Portrait from "Personnel of the Texas State Government", 1887.
I can always count on Texas to offer up more odd-named political figures, which is precisely the case with today's write-up on Limestone County, Texas resident Angero Gray "A.G." Camp. A physician and three-term member of the Texas State House of Representatives, A.G. Camp was a native of Kentucky, being born at Valley Station in Jefferson County on April 4, 1827. A son of Thomas Pollard and Susan Magruder Camp, "A.G." Camp (as sources often list him) received his education in Louisville and would later attend the University of Kentucky, earning his medical degree in 1856.
In the late 1850s Camp served as resident physician at the Louisville Marine Hospital but left after a short period. He relocated to Saint Joseph, Missouri where he continued his medical practice and during the Civil War returned to Kentucky, where he "organized a company of boys" to help protect trains carrying "contraband of war" on their way to Bowling Green, Kentucky. Camp would later become a surgeon under General Joseph E. Johnston, being transferred to the Market Street Hospital in Nashville. Camp would later be stationed in both Mississippi and Georgia, eventually being named to a board of medical examiners at Ringgold, Georgia. Here he would remain until the war's conclusion, and in July 1865 married Juliet Tims Jayne (1837-1900), with whom he would have two daughters, Lula Belle (1874-1963) and Margaret (1876-1933).

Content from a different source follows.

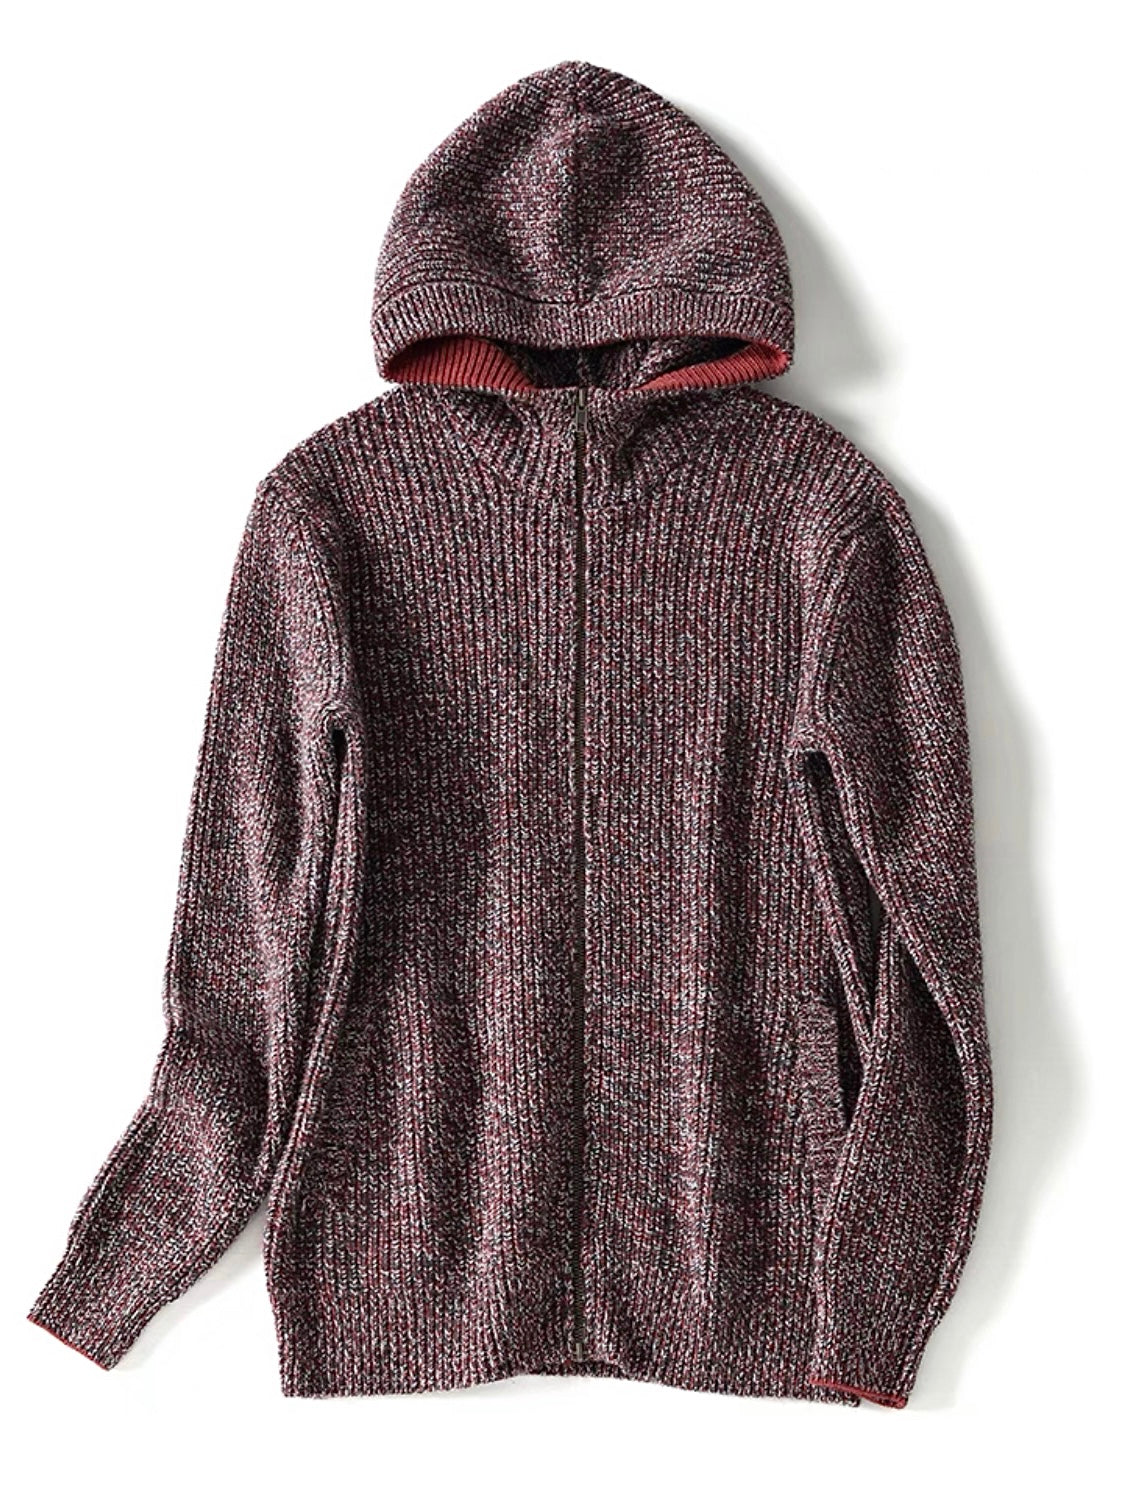 Brick Red Cashmere Chiné Cardigan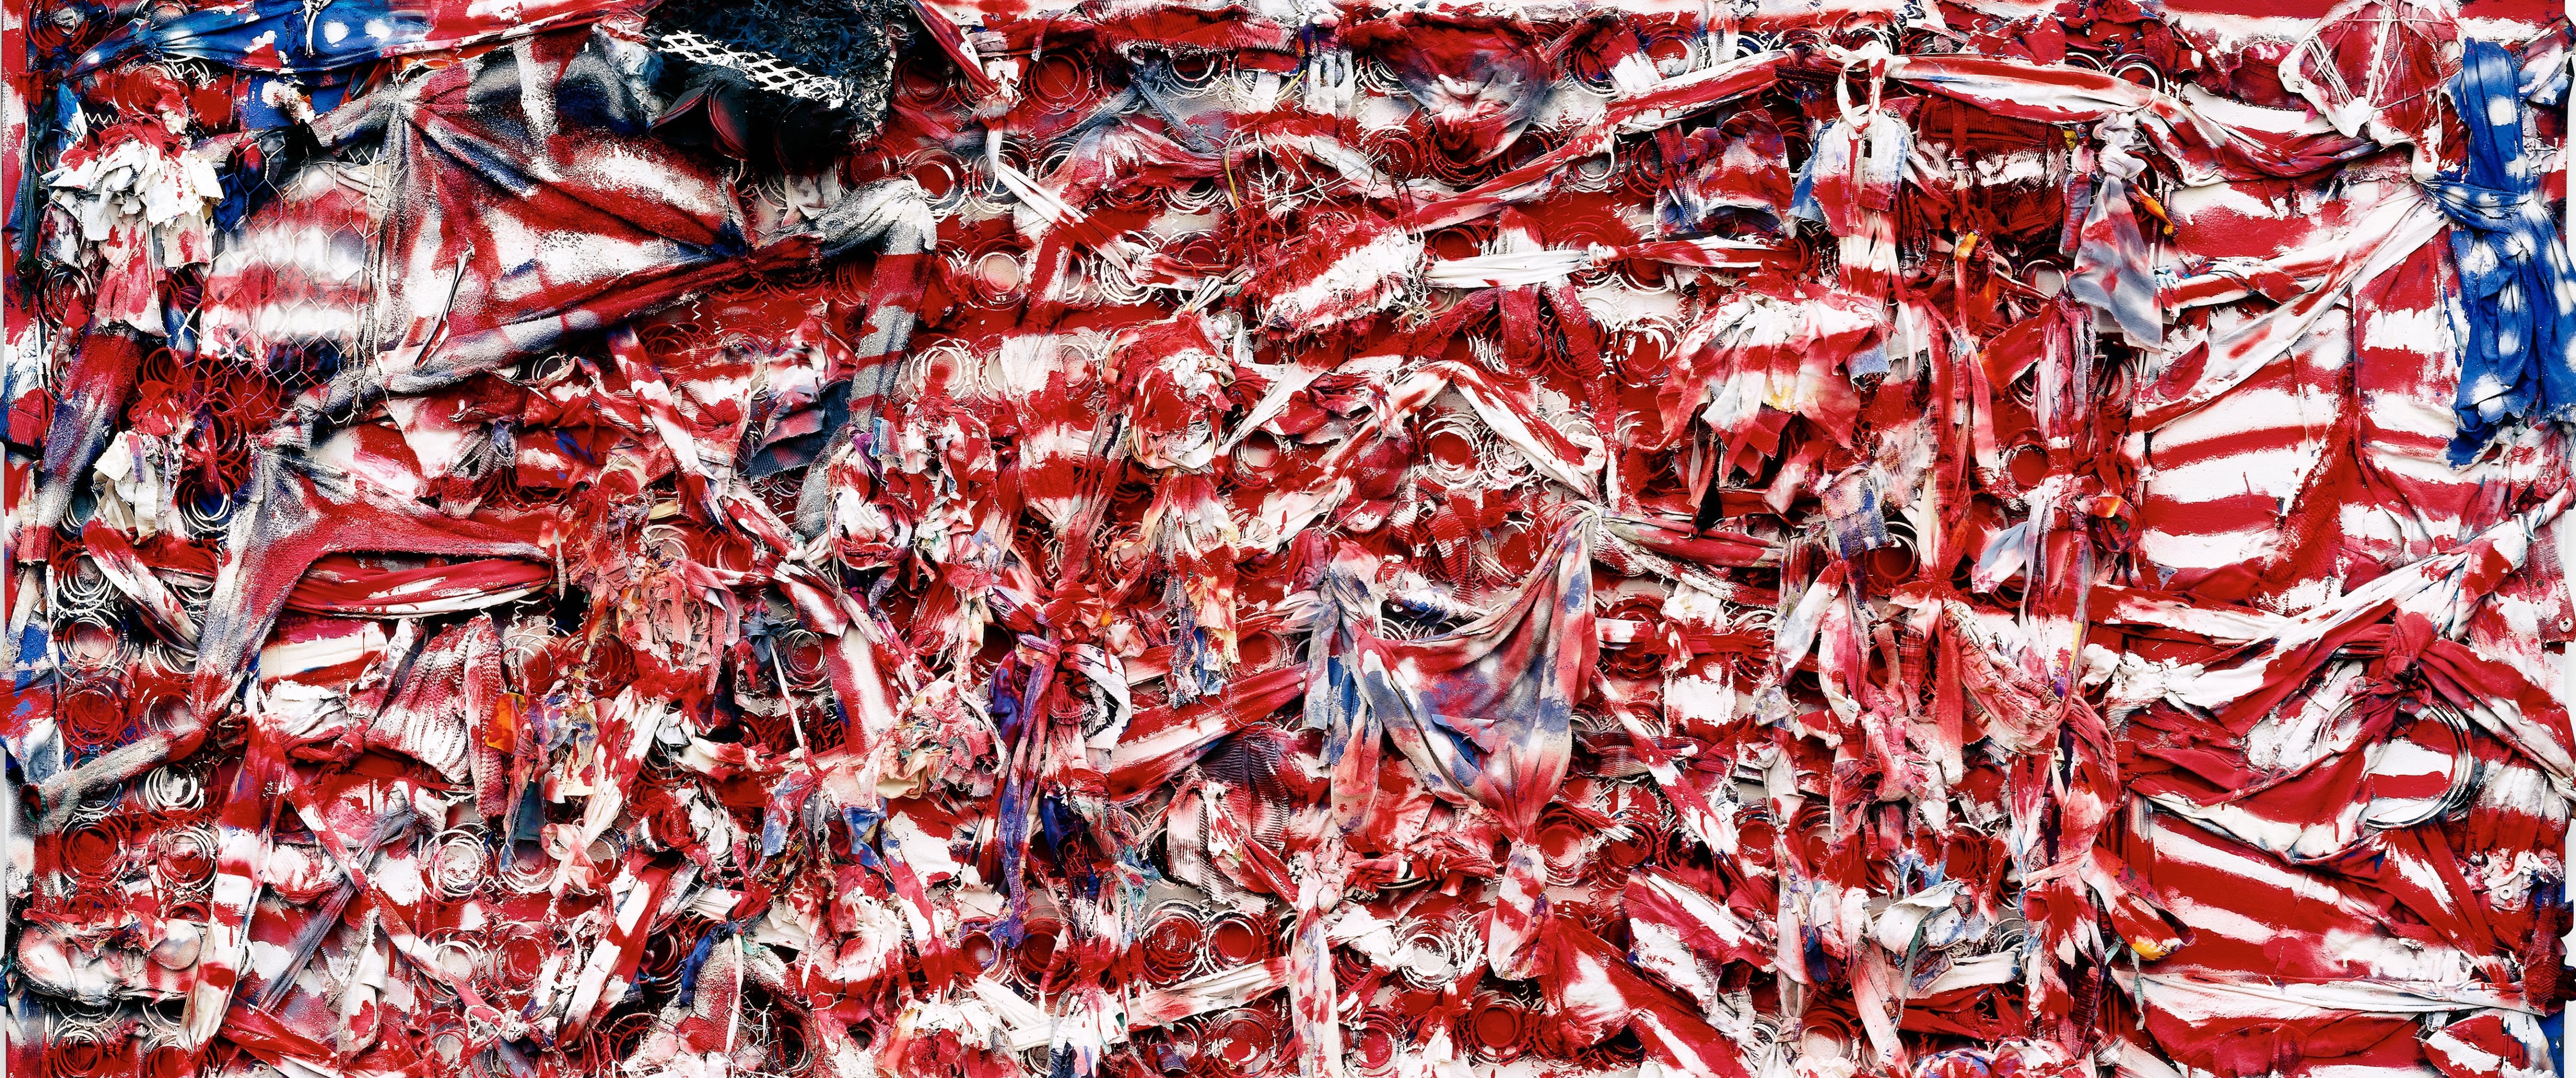 Photography Painting American Flag Collage 5160x2160

Dr. A.G. Camp, portrait courtesy of Find-A- Grave.
In 1882 the citizens of Limestone County elected A.G. Camp as their representative to the Texas General Assembly. He would be returned to that office twice more, and during his service gained a reputation as a highly effective law-maker, with the Personnel of the Texas State Government noting:
"His characteristic is watchfulness. No job escapes his vigilant eye, and no measure against the interests of the people can pass the legislature after a scathing rebuke administered by the member from Limestone County. No man in the house is as much feared by jobbers and lobbyists as Dr. Camp. Always in his place and always informed about every measure proposed, he stands as a sentinel on the watch-towers, and his fellow members have so much confidence in him that a measure opposed by him has small chance of success."During his three terms at the Texas capital Camp served on a number of legislative committees. including Internal Improvement, Public Roads, Ferries and Bridges, Federal Relations, Public Health and Vital Statistics, and Private Land Claims. He also chaired the committee on State Asylums during the 1885-1887 and 1888 sessions of the legislature.
A.G. Camp died in office on September 8, 1888, at his home in Groesbeck. He was subsequently memorialized as a "chivalrous and knightly man" by his fellow representatives, as well as an "honest and faithful tribune of the people." He was survived by his wife Juliet, and following her death in February 1900 was interred alongside her husband at the Faulkenberry Cemetery in Groesbeck, Texas.
Portrait courtesy of the Texas Legislative Reference Library.